The latest survey, from the Royal Institution of Chartered Surveyors (RICS) has highlighted that demand from buyers, and new instructions from sellers, are down again, with figures showing the flattest period in the last five years in the UK housing market.
The recent bad weather, continuing fears over the effects of the Brexit negotiations has resulted in the housing market in the south-east and London is particularly weak, while the rest of the country was somewhat better.
“The shortage of instructions has resulted in an epidemic of certain agents persistently trying to poach properties already on the market with other agents. “This is further besmirching the general estate agency business,” said one surveyor in Doncaster.
“There seems to be an air of uncertainty which has resulted in reduced instructions and inquiries,” replied another.
A lack of availability of appropriate properties has stalled many buyers from investing and getting onto the ladder.
However, the slow property market does have benefits for some as it has led to questions over whether the interest rate rise will be delayed.
Bank of England governor Mark Carney announced in November that interest rates would rise for the first time in a decade, from 0.25% to 0.5%. A further two rate increases of 0.25% are expected before 2020 with some economists predicting another could come as soon as May.
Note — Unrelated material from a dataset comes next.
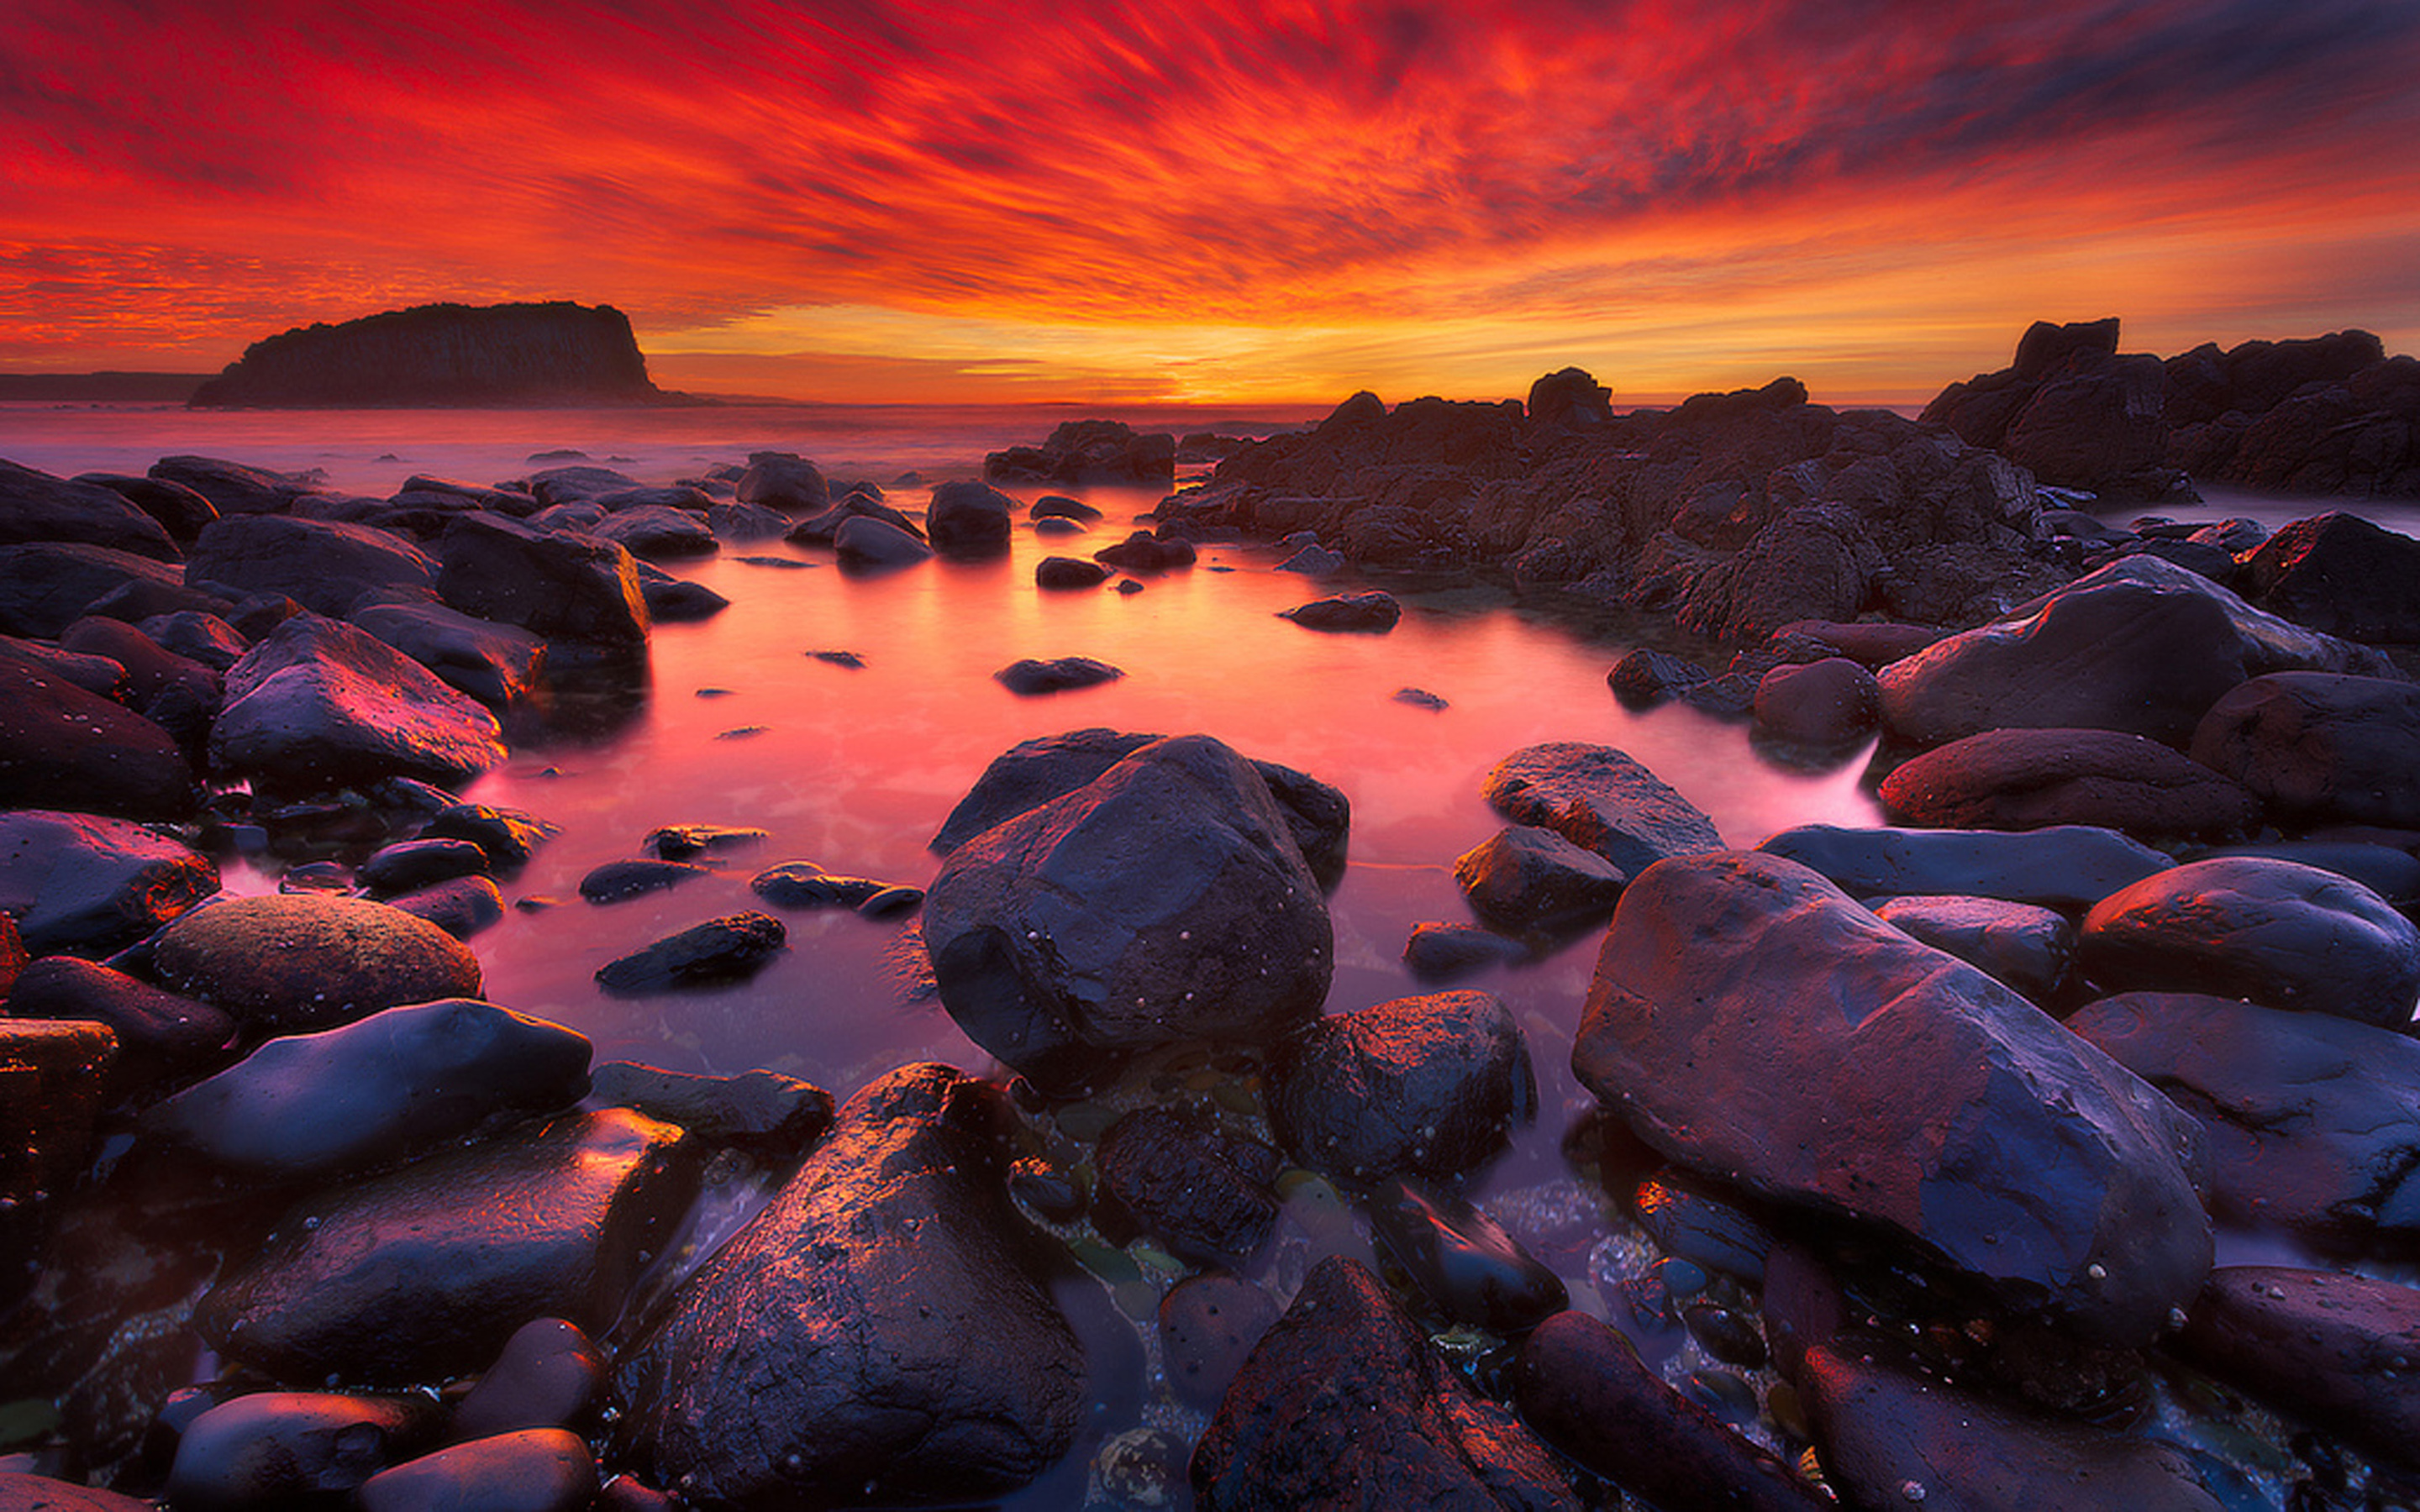 Sunrise in Minnamurra-Australia-sea coast with rocks Ocean-sky with red

RICS chief economist Simon Rubinsohn says it could prompt the Bank of England to stall the next rise. Some 9.2 million households across the UK have a mortgage, half of which are on standard or a tracker rate.
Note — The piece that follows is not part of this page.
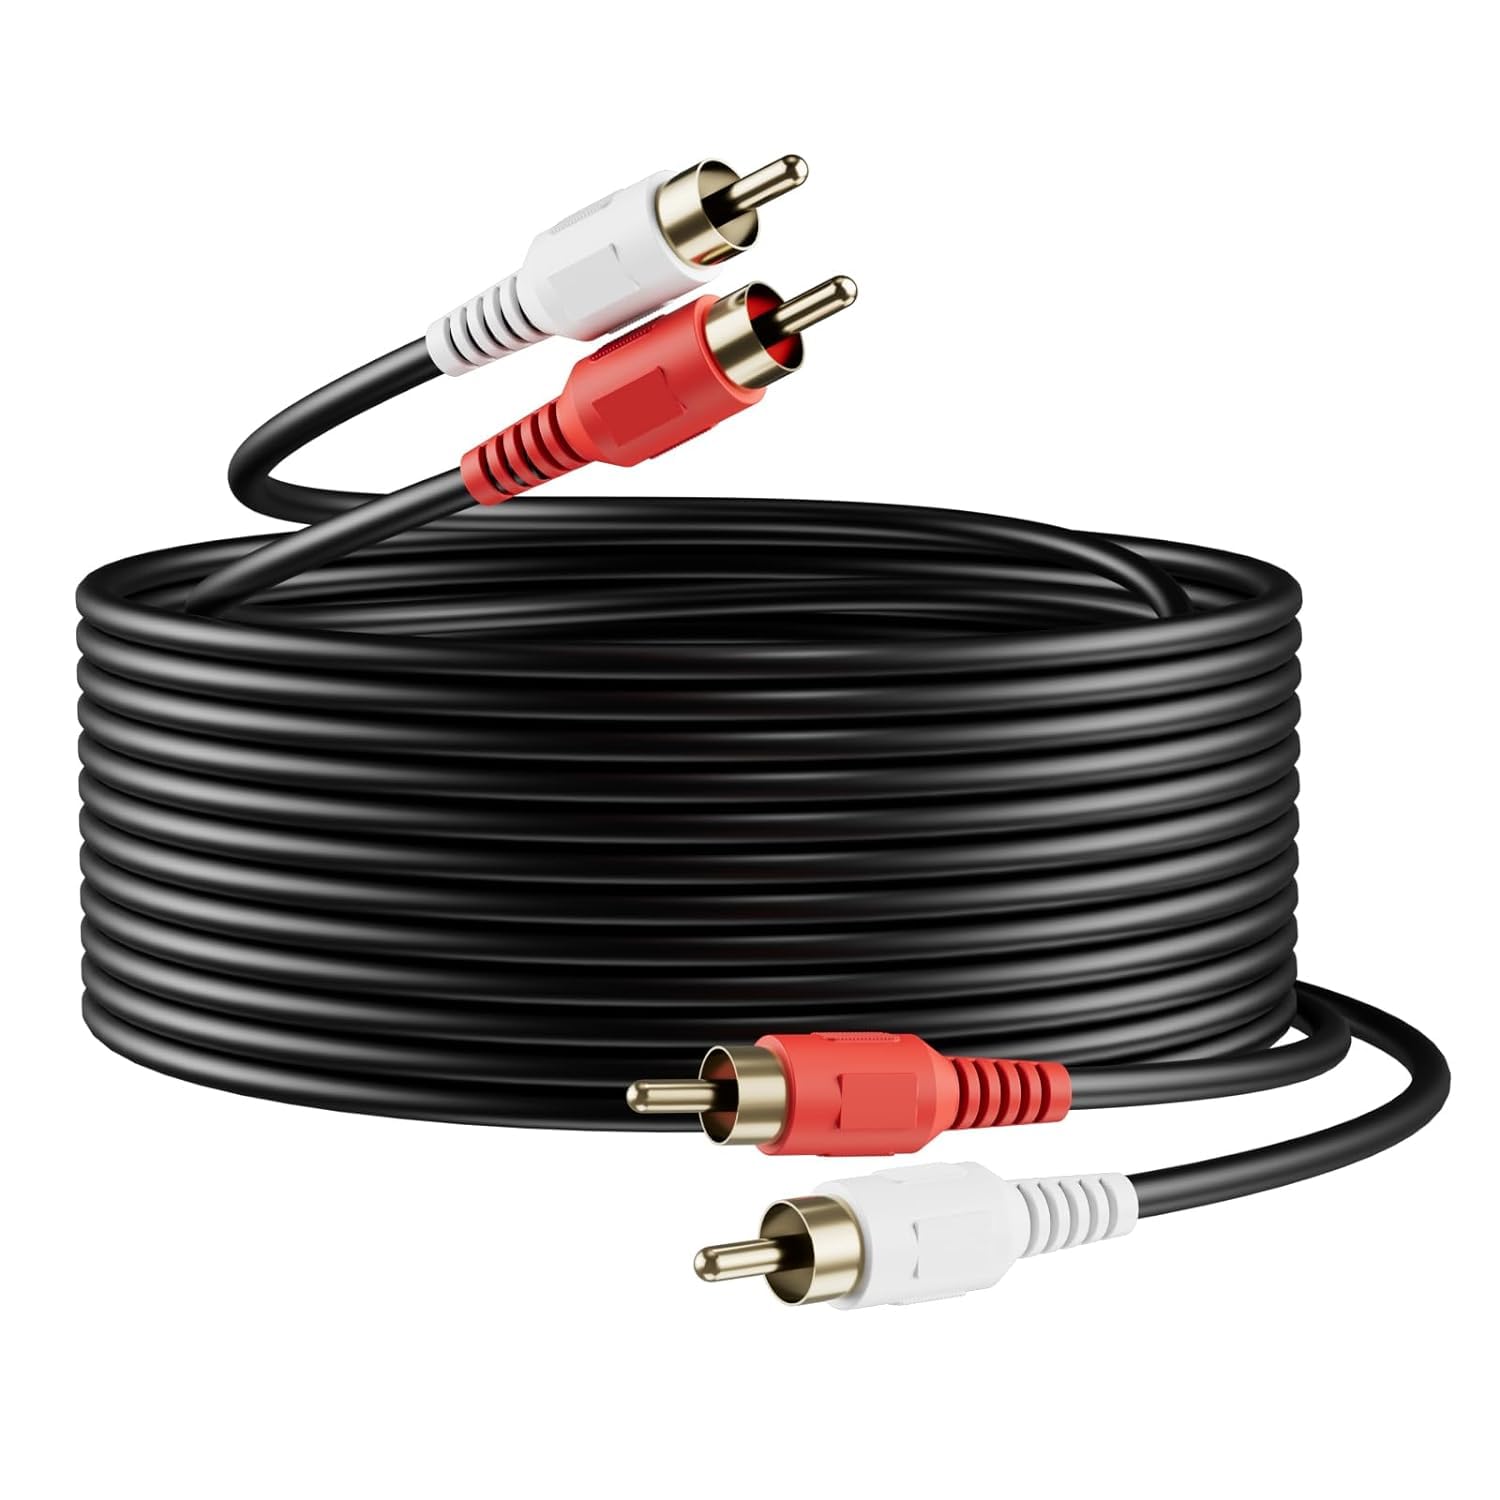 KEBILSHOP 2rca Male to 2rca Male, av 2 RCA Cable - 1.5 Meter

The rise in November meant that the average homeowner – with a typical mortgage of £175,000 – was hit with an increase of about £22 a month. Another two quarter point rises would add an additional £67. There are further suggestions that the Bank may “normalise” rates following a decade of low interest. This could leave rates at about 3%, which would result in a much more painful monthly repayment for many.
The RICS report was published a day after Halifax reported house prices falling for a second consecutive month in January, as consumers struggling with shrinking disposable income put major spending decisions on hold.
The average price of a home in Britain fell 0.6% last month to £223,285, according to the mortgage lender’s own data. It followed a 0.8% drop in prices in December, and drove down annual house price growth to 2.2%, the slowest rate in six months.
Halifax’s Russell Galley said house prices fell despite a backdrop of rising employment in Britain and the government’s decision to scrap stamp duty for first time buyers on homes selling for up to £300,000.
“Although employment levels grew by 102,000 in the three months to November, household finances are still under pressure as consumer prices continue to grow faster than wages,” Galley said.
Last week another leading mortgage lender, Nationwide, reported month-on-month house price growth of 0.6% in January, saying that the lack of new properties coming on the market was supporting the trend.